WHAT THE TASK REQUIRES: Copy, word for word, the lines of the listing below from the line with "England - OXFORD Iffley Mill - Oxford" up to and including the line with "La Policía disuelve". Drop the pictures.

START DATA SECTION

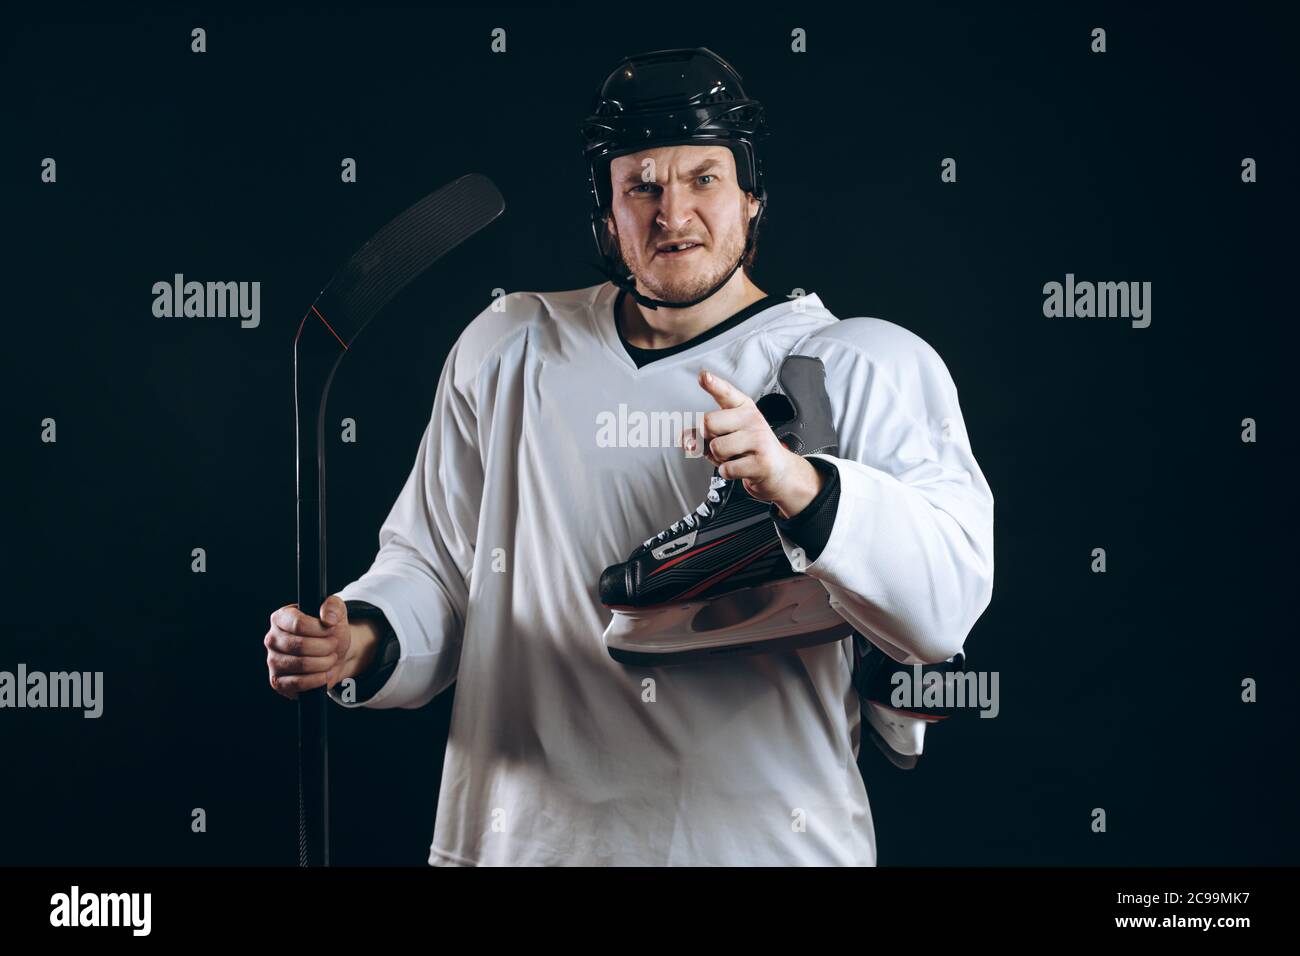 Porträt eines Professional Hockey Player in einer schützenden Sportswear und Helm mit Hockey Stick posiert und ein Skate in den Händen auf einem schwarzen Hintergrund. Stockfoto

END DATA SECTION
START DATA SECTION

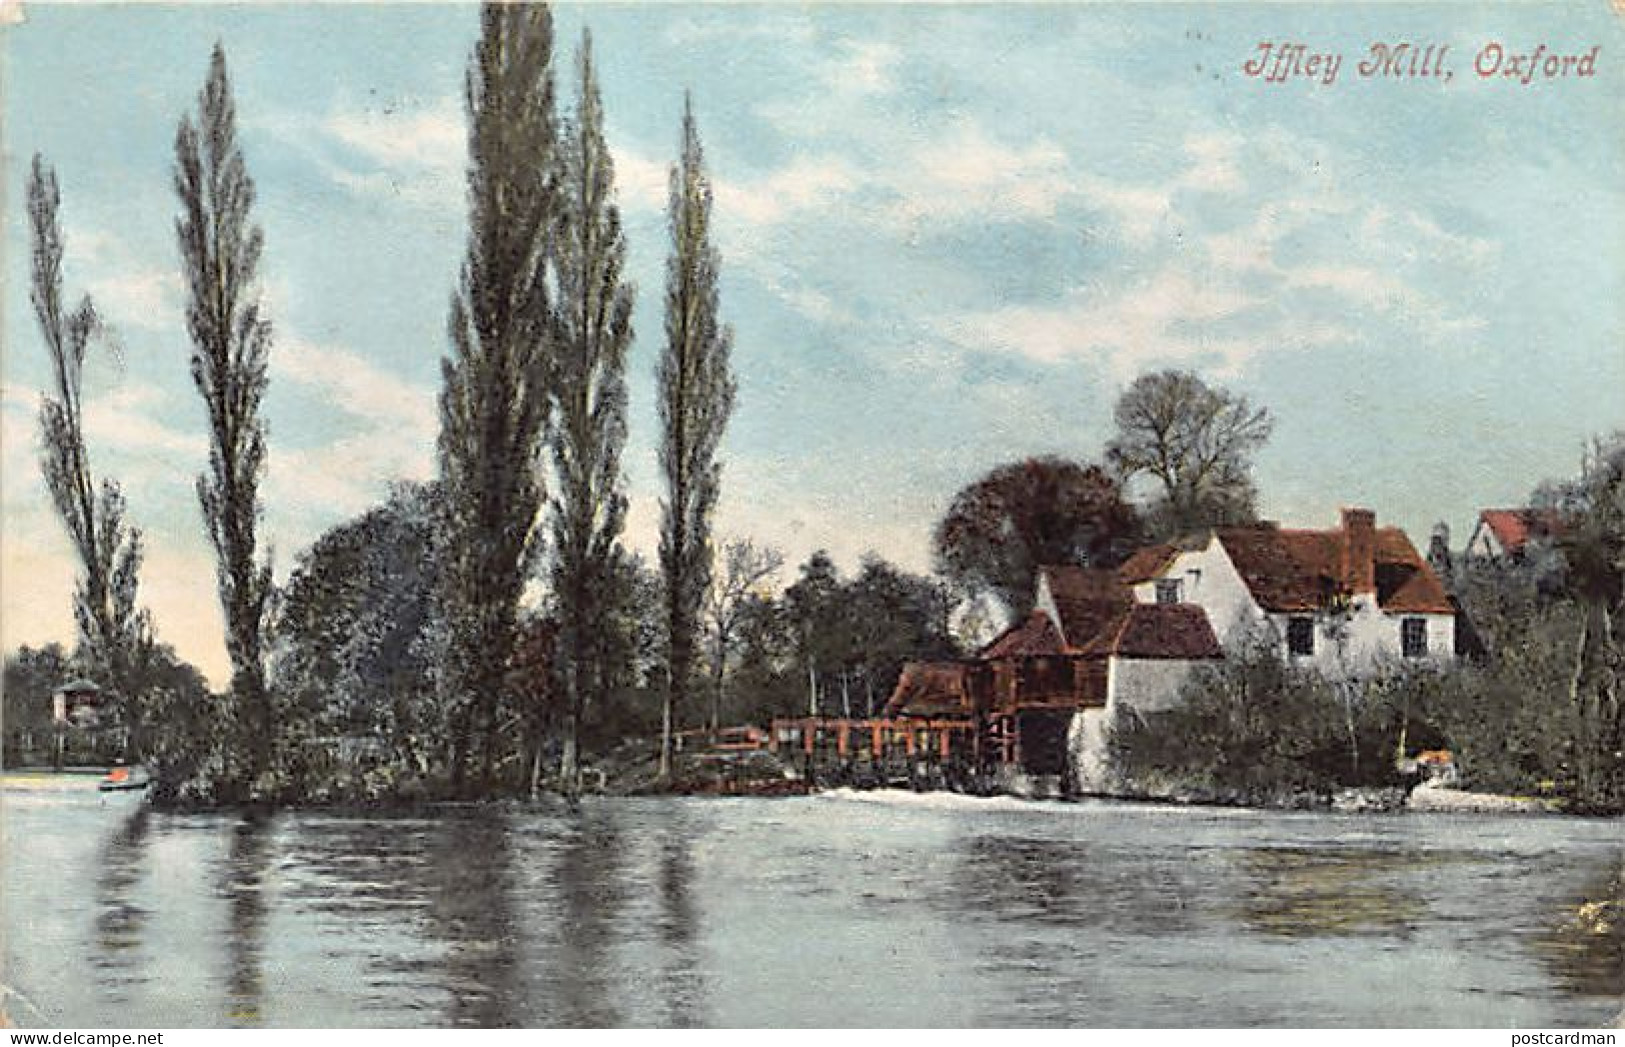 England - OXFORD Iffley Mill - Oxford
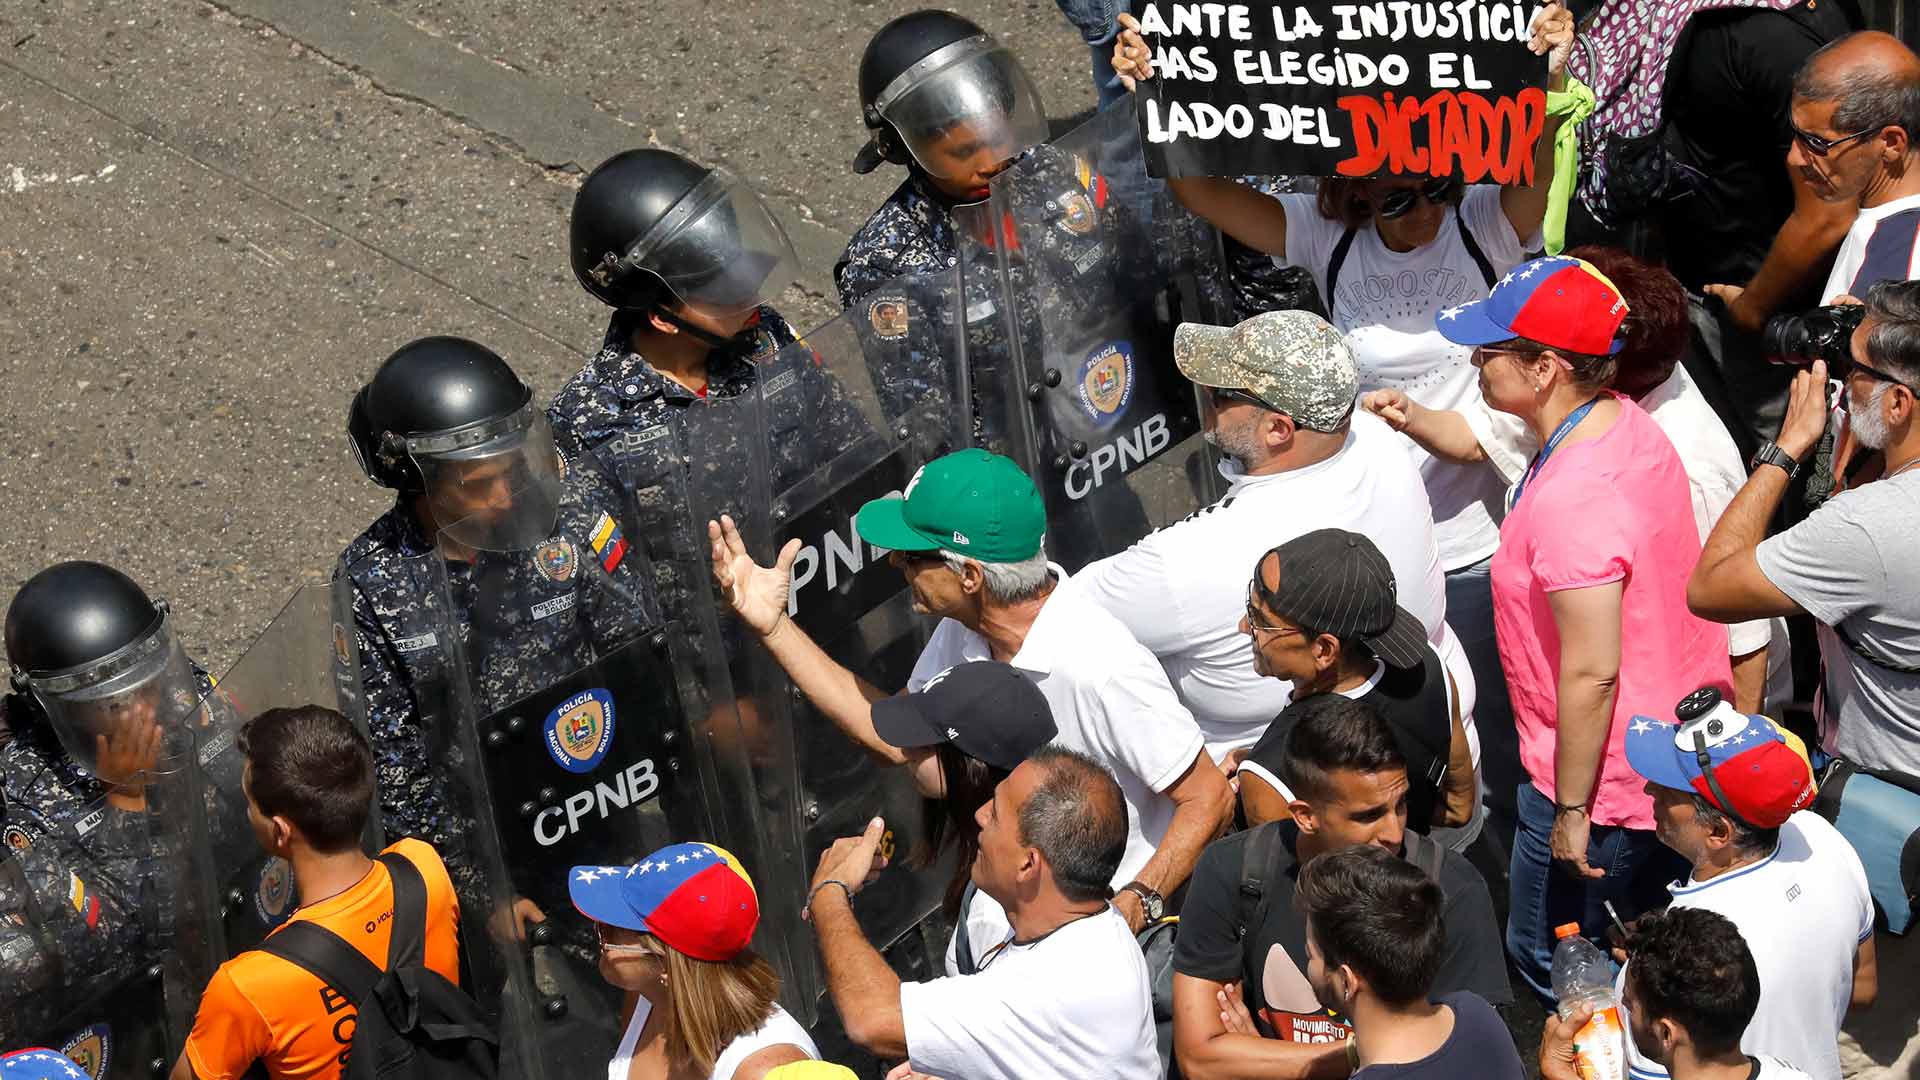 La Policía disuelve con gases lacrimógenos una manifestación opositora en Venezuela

END DATA SECTION
START DATA SECTION

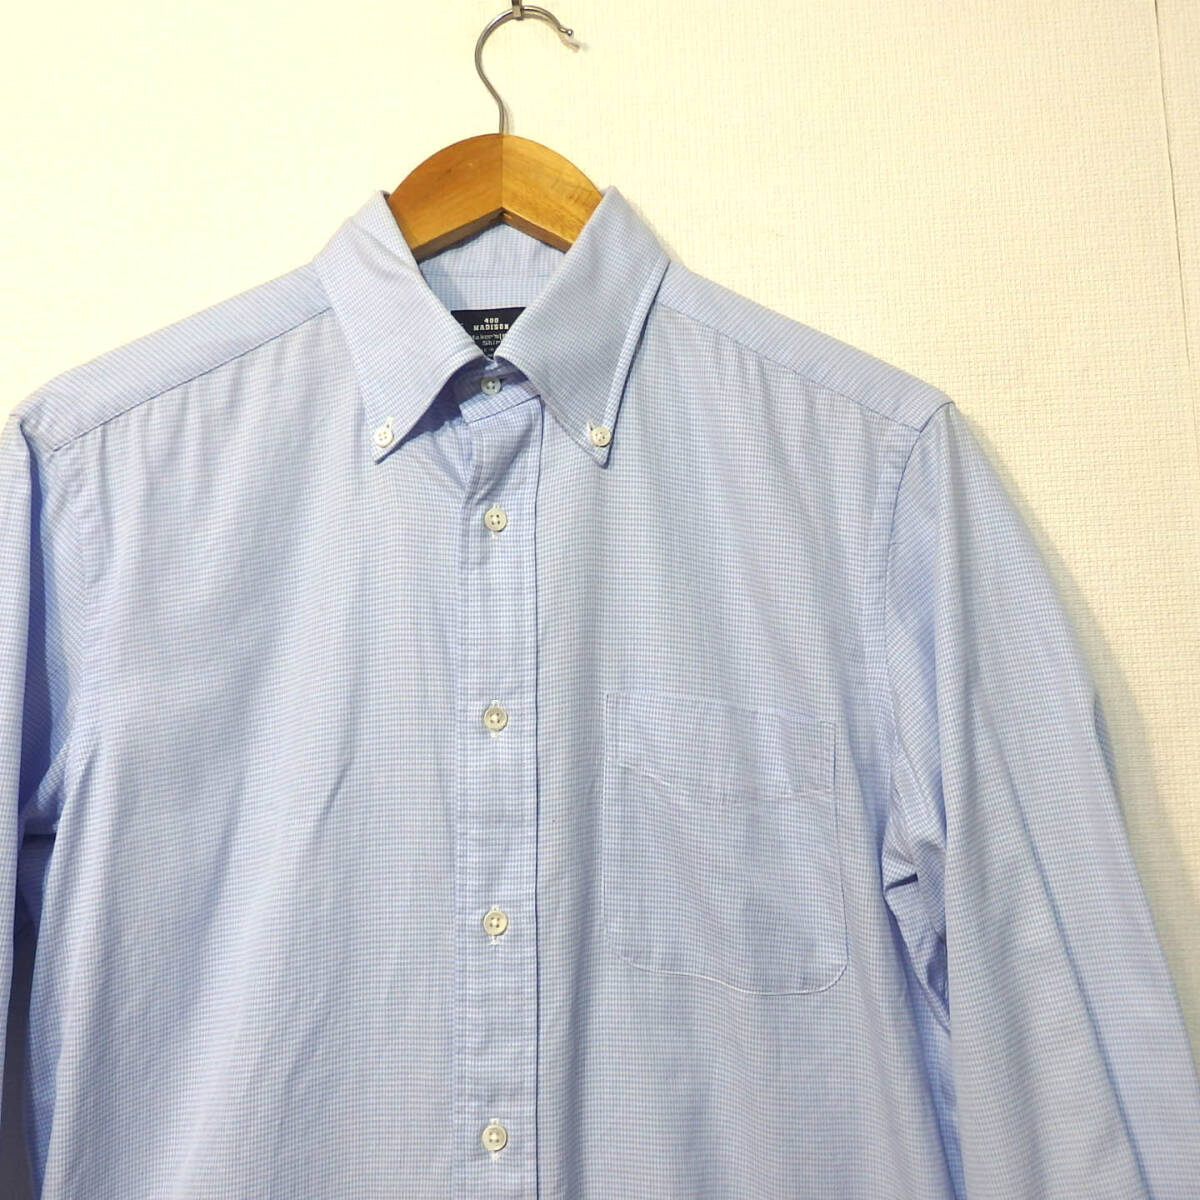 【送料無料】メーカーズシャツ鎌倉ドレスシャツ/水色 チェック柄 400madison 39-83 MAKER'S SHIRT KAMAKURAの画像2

END DATA SECTION

EXERCISE RESULT:
 England - OXFORD Iffley Mill - Oxford
 La Policía disuelve con gases lacrimógenos una manifestación opositora en Venezuela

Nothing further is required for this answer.